» Brief
Omit all pictures, then repeat the listing exactly.

» Provided material
↓↓↓
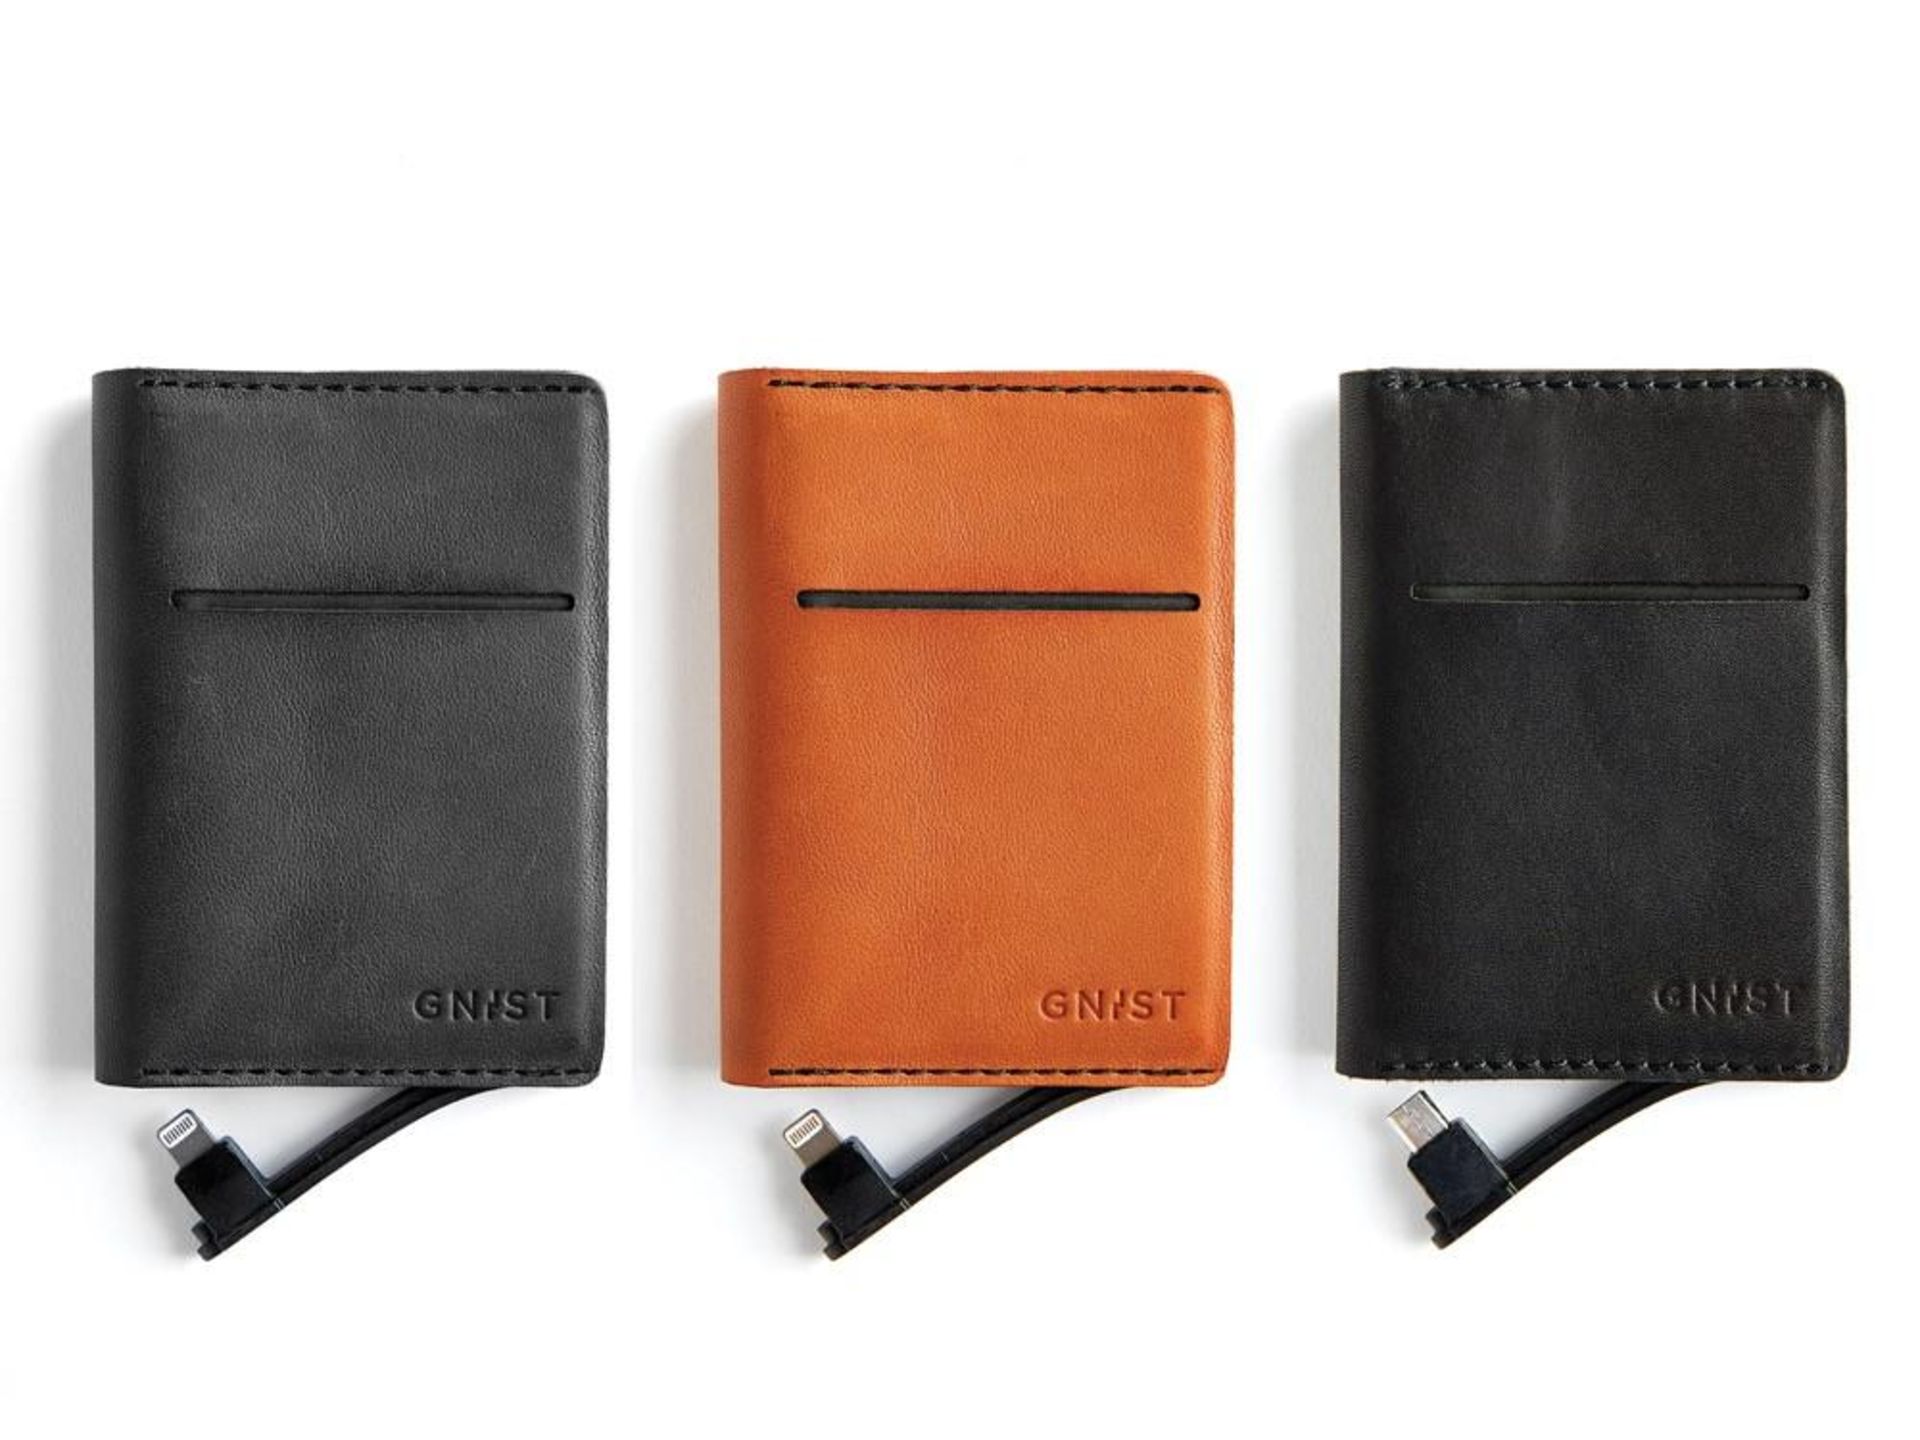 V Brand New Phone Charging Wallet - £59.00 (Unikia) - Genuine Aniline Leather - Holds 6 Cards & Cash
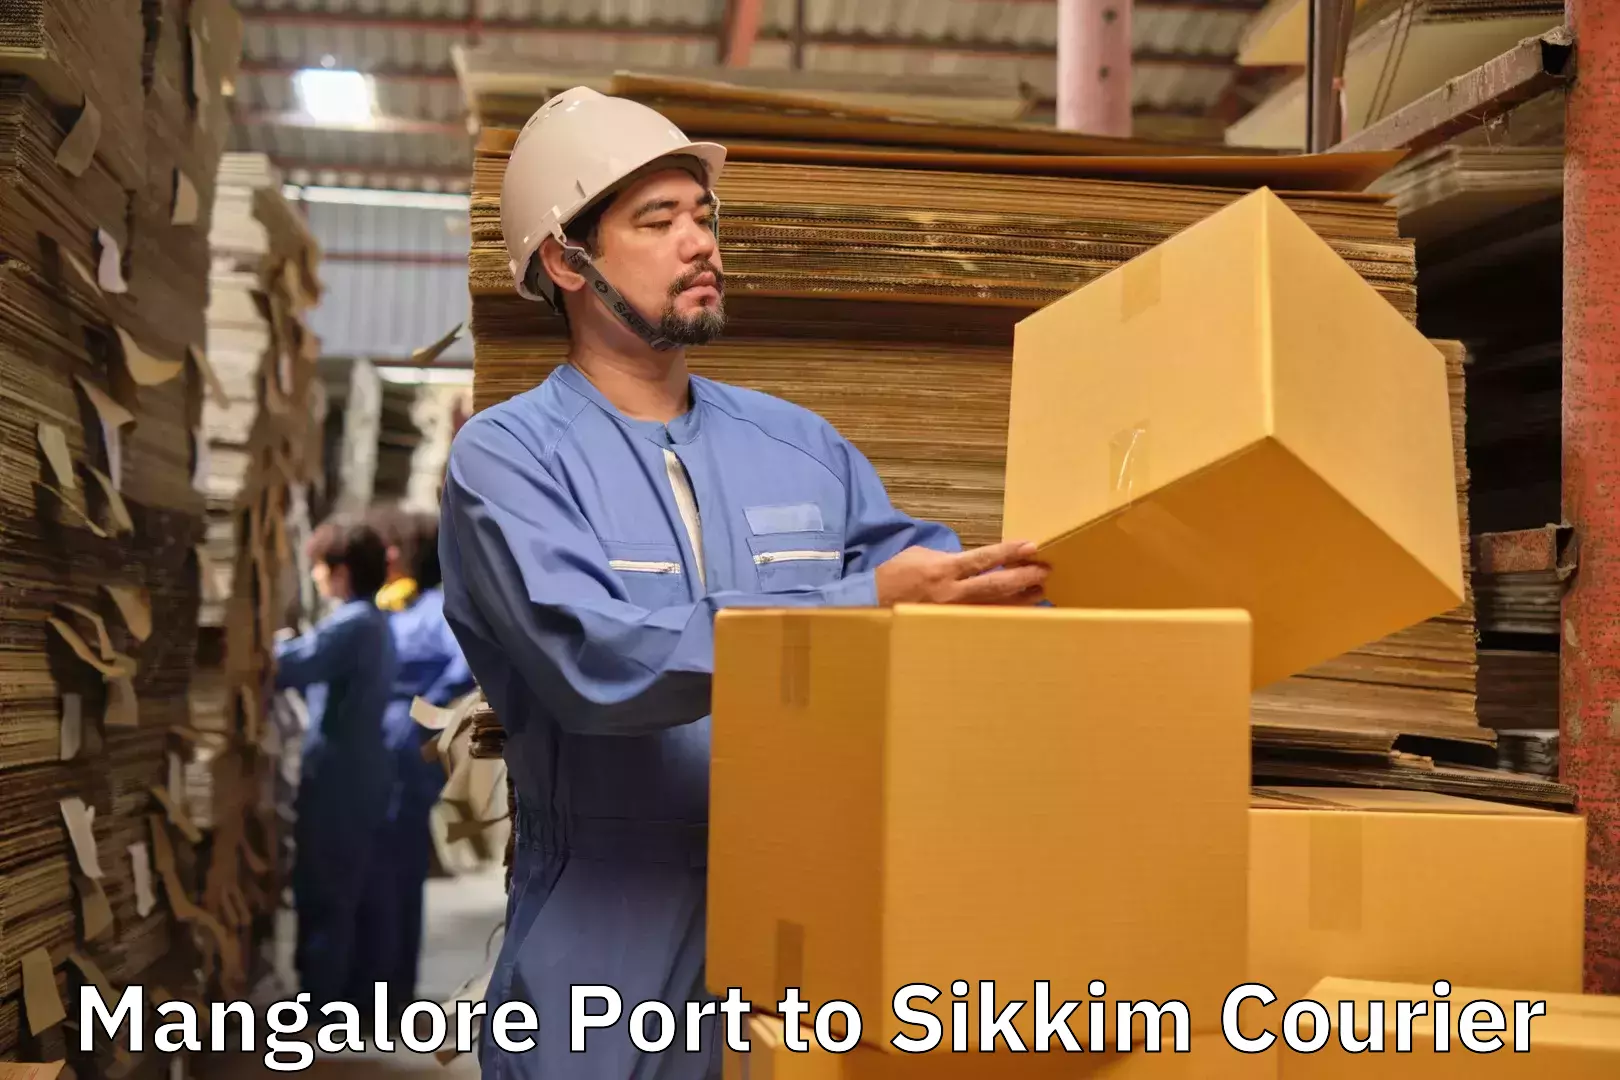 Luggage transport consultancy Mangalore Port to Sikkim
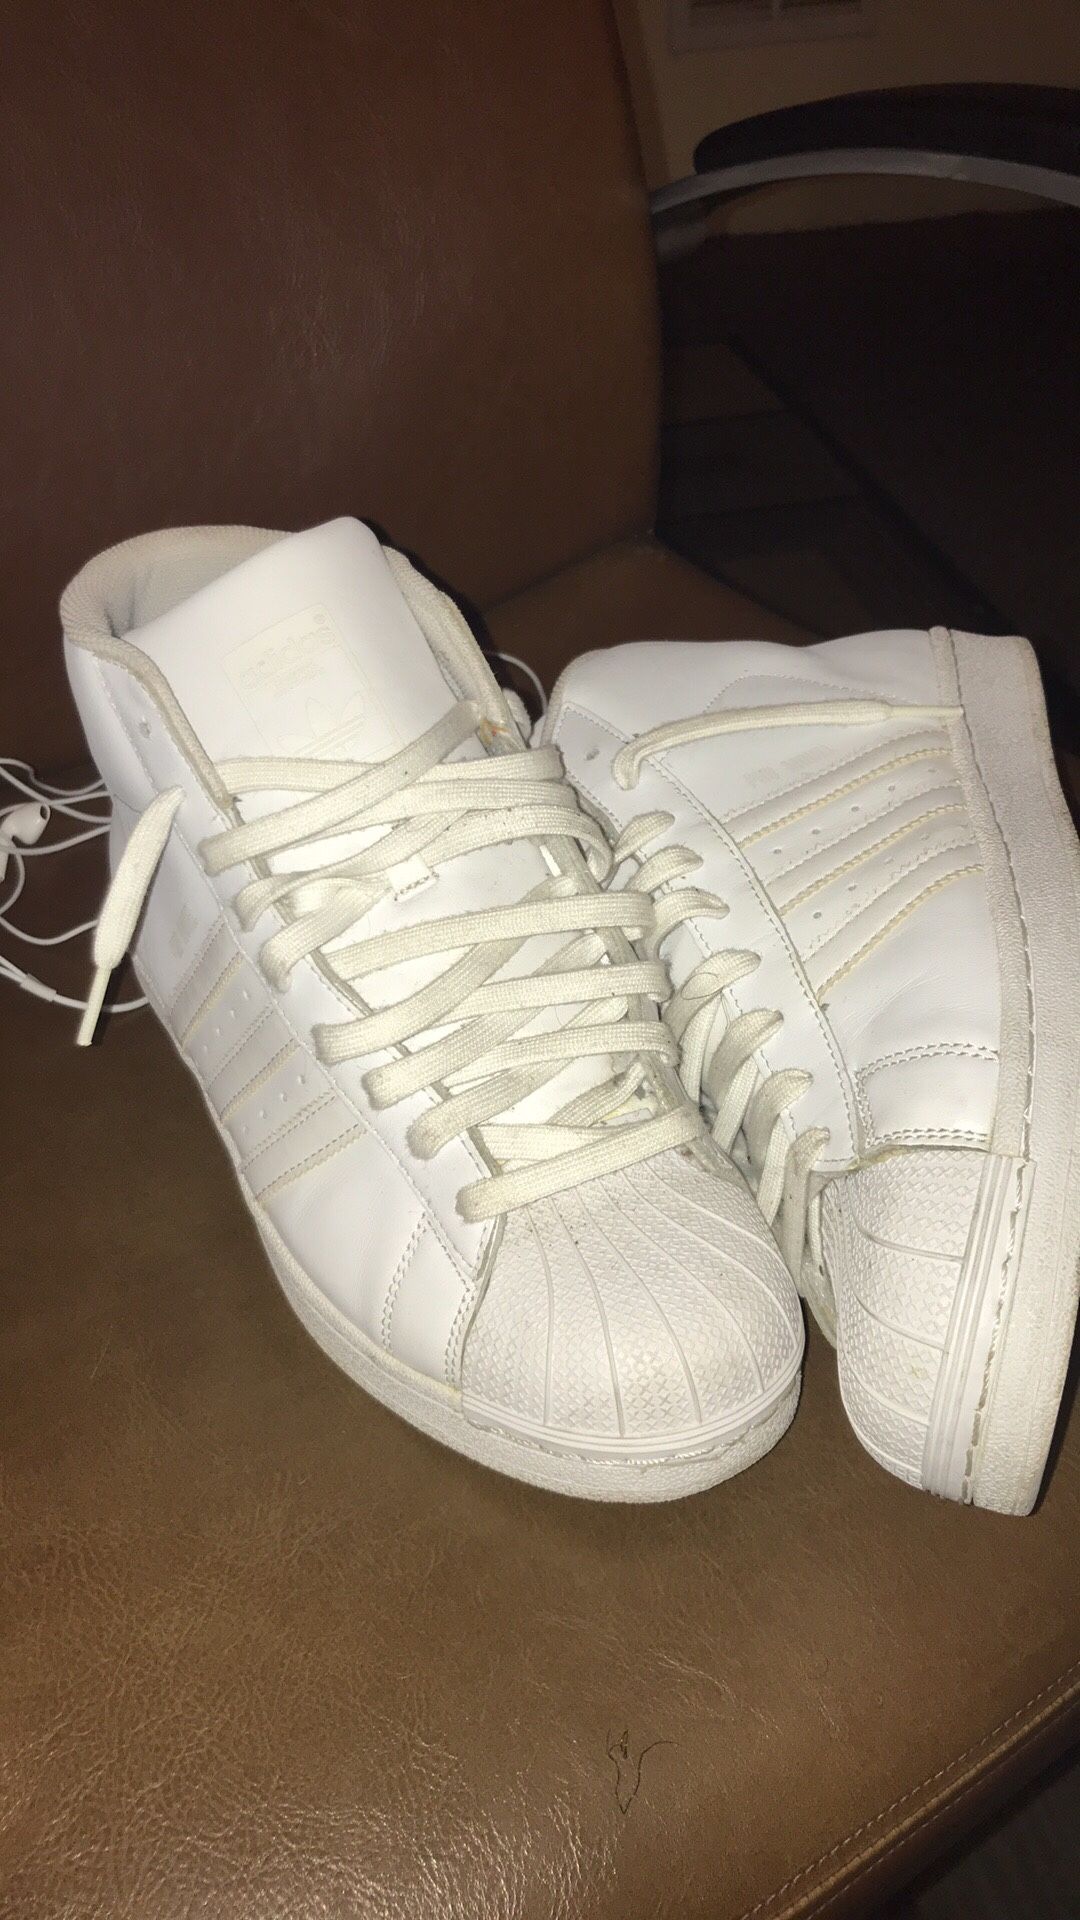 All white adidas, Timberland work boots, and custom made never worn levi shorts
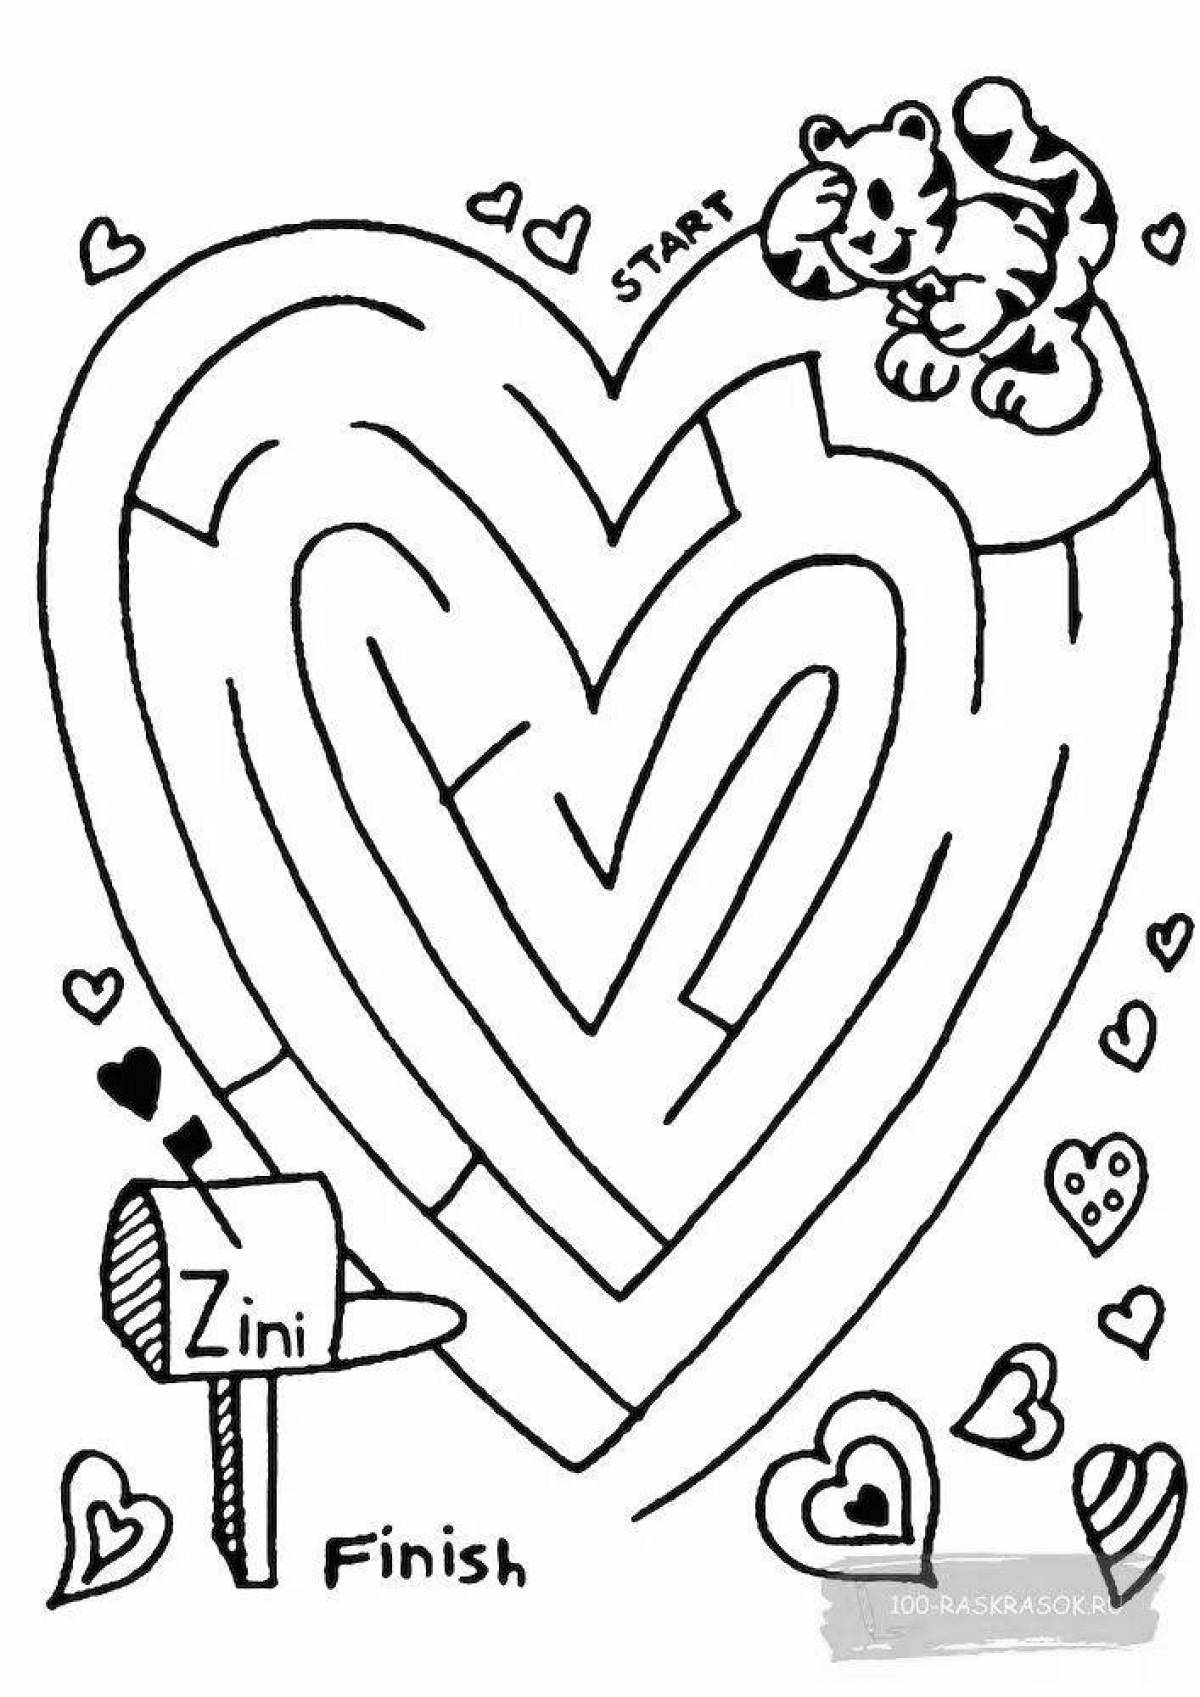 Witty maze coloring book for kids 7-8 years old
↑↑↑
» Solution to this exercise
 V Brand New Phone Charging Wallet - £59.00 (Unikia) - Genuine Aniline Leather - Holds 6 Cards & Cash
 Luggage transport consultancy Mangalore Port to Sikkim
 All white adidas, Timberland work boots, and custom made never worn levi shorts
 Witty maze coloring book for kids 7-8 years old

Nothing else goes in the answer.